Apparently the only way to order one of these bulk containers is to ask the store manager of a store that carries friendship brand to special order it for you. 
5 gallons may be too much though with no salt(as a preservative) it would probably expire too soon.


----------



## Gordo (Sep 17, 2005)

> 5 gallons may be too much though with no salt(as a preservative) it would probably expire too soon.



Break it up into smaller portions and freeze it.

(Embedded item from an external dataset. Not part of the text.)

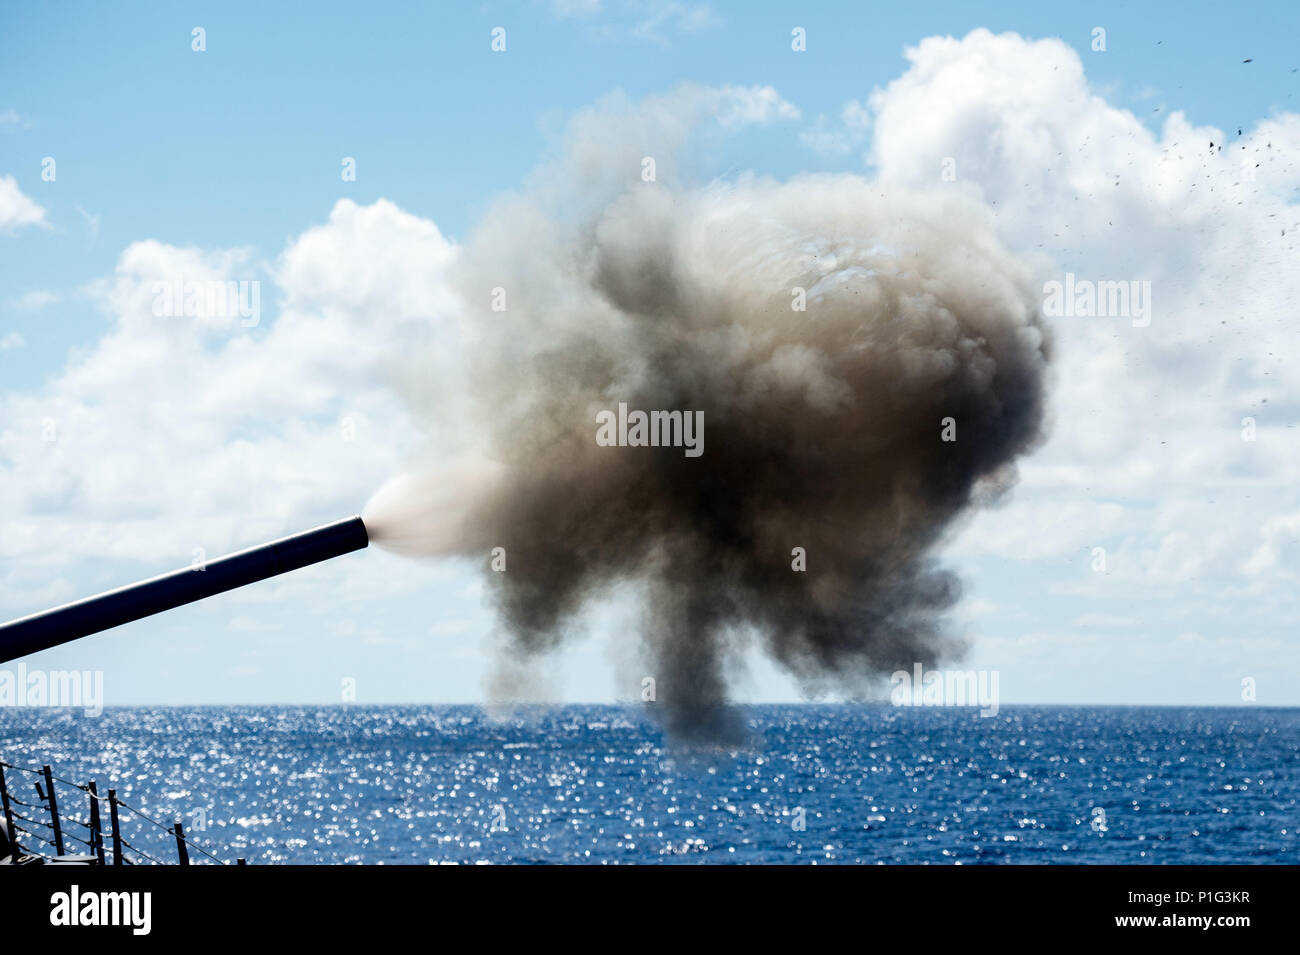 161026-N-NT265-768 Mare delle Filippine (ott. 26, 2016) La distribuita Arleigh Burke-class guidato-missile destroyer USS McCampbell (DDG 85), incendi il suo MK45 da 5 pollici pistola durante un live-fire esercitazione. McCampbell è di pattuglia con un Carrier Strike gruppo cinque (CSG 5) di supporto di sicurezza e stabilità nella Indo-Asia-regione del Pacifico. (U.S. Navy foto di Sottufficiali di seconda classe Senyk cristiana/rilasciato) Foto Stock

It'll keep for a long time (well dry curd for sure and baker's cheese).


----------



## Smoo_lord (Sep 17, 2005)

The stuff i get ( In Australia) Is "Bulla Low Fat Cottage Cheese"

its $2.15 Aussie for a 280g tub

ingredients is : Skim milk, Thickened Light Cream, Vegetable Gums, Salt, Preservative, Culture, Food Acid, Colour..


Well, that sounds interesting.....

the sodium level is 296mg / 100g

Anyways, Im off to ruin my body temporarily, courtesy of beers, Its a hot chicks 21st tonite!!!

Hell Yeah..

Be back trainin tomorrow

Keep up teh good work all, stay happy


----------



## BigDyl (Sep 17, 2005)

It says my cottage cheese contains Goat Dung.


----------



## Stewart14 (Sep 22, 2005)

aggies1ut said:
			
		

> Friendship 1% whipped cottage cheese is so awesome. I used to eat it when I lived in San Diego and make cottage cheese turkey loaf with it.  Unfortunately, I can't find it in Northern California.  Safeway makes an unsalted cottage cheese, but IMO unsalted cottage cheese tastes   . I usually just eat 4% large curd.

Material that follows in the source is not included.